Immigrant Crime Fear Airbrushed From Gov’t Report

Immigrant crime fear airbrushed from Government report

Warnings of links between mass immigration and crime were removed from a key Home Office report amid fears they would be used by critics, it has emerged.

By Tom Whitehead, Home Affairs Editor
Telegraph.co.uk
Published: 4:36PM GMT 27 Oct 2009

The report, published in 2001, had originally pointed to a risk that organised criminals would exploit increases numbers of migrants.

But the passages were removed from the final document because Downing Street was “nervous” that such comments would be seized on by extremists.

It is the latest controversy to surround the study, Migration, A Social and Economic Analysis, which was at the centre of a row this week amid claims Labour had a “secret plot” to use mass immigration to boost multiculturalism and “rub the Right's nose in diversity”.

Andrew Neather, a former adviser to Tony Blair, Jack Straw and David Blunkett, claims earlier drafts of the report had suggested the huge increases in migrants over the last decade were partly due to a politically motivated attempt by ministers to radically change the country.

He said Labour's relaxation of controls was a deliberate plan to “open up the UK to mass migration” but that ministers were nervous and reluctant to discuss such a move publicly for fear it would alienate its “core working class vote”.

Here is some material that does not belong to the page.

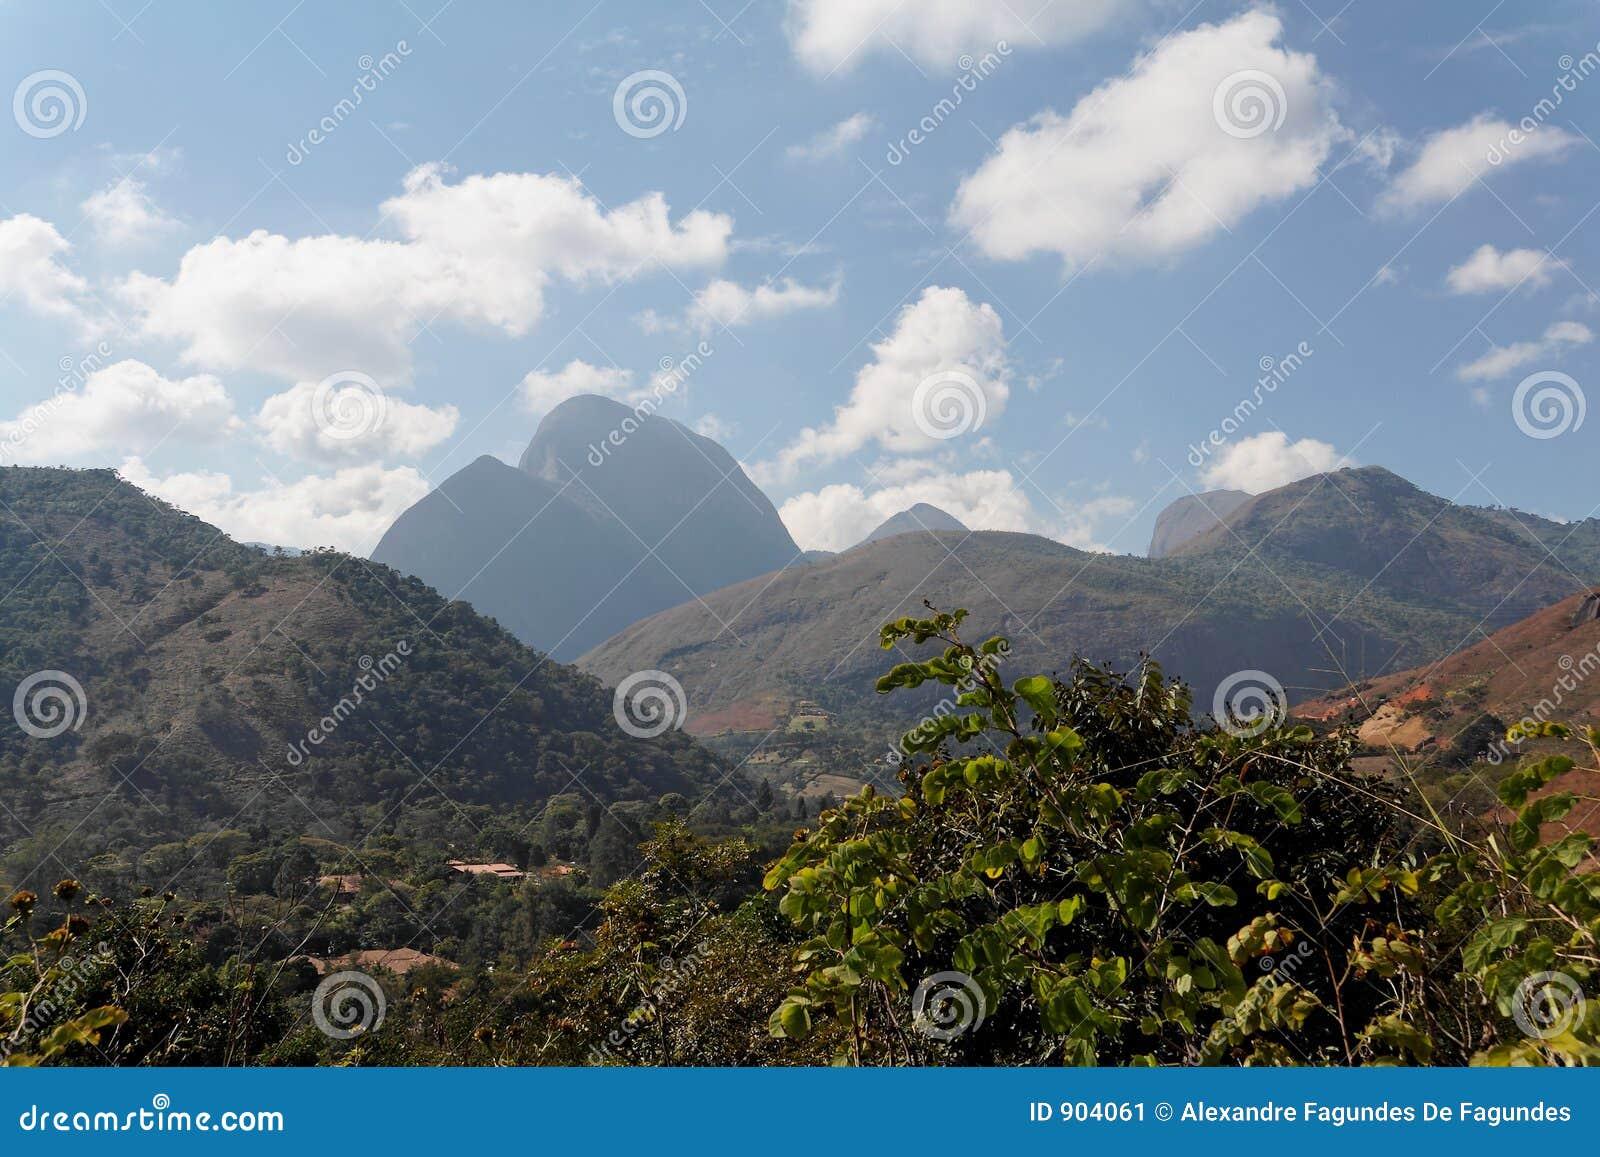 Paisagem Teresopolis Das Montanhas Imagem de Stock ...

In the latest revelation, it has emerged a section headed “Criminal behaviour”, written as part of a chapter on the impact of migration, was removed.

The missing section warned: “Migration has opened up new opportunities for organised crime.”

It reported: “There is emerging evidence that the circumstances in which asylum seekers are living is leading to criminal offences, including fights and begging.”

One draft also asserted that Britain's record towards Jews fleeing the Nazi regime was “positively shameful in some respects”. It also said racism towards black migrants in past years had come “not just from extremists or working class communities, but from politicians and policy-makers at the highest level”.

Both comments were edited out of the published version.

A Cabinet Office spokesman denied that any political pressure was brought to bear on the report.

Damian Green, the shadow immigration minister, said: “With every day that passes it becomes increasingly clear that the Government tried to deceive the British people about immigration policy.

“This is a disgraceful episode.”

Phil Woolas, the immigration minister, said Mr Neather's claims were 'simply not born out by the facts'.

“The biggest reason for illegal immigration into the United Kingdom was not as Mr Neather who no doubt is on a bonus with his employers said, it was the abandonment in 1994 by the John Major Government of border controls.”

He added: “This Prime Minister has a much more robust attitude to migration than the previous prime minister, and the changes we have been implementing have come straight from Gordon Brown,” he said.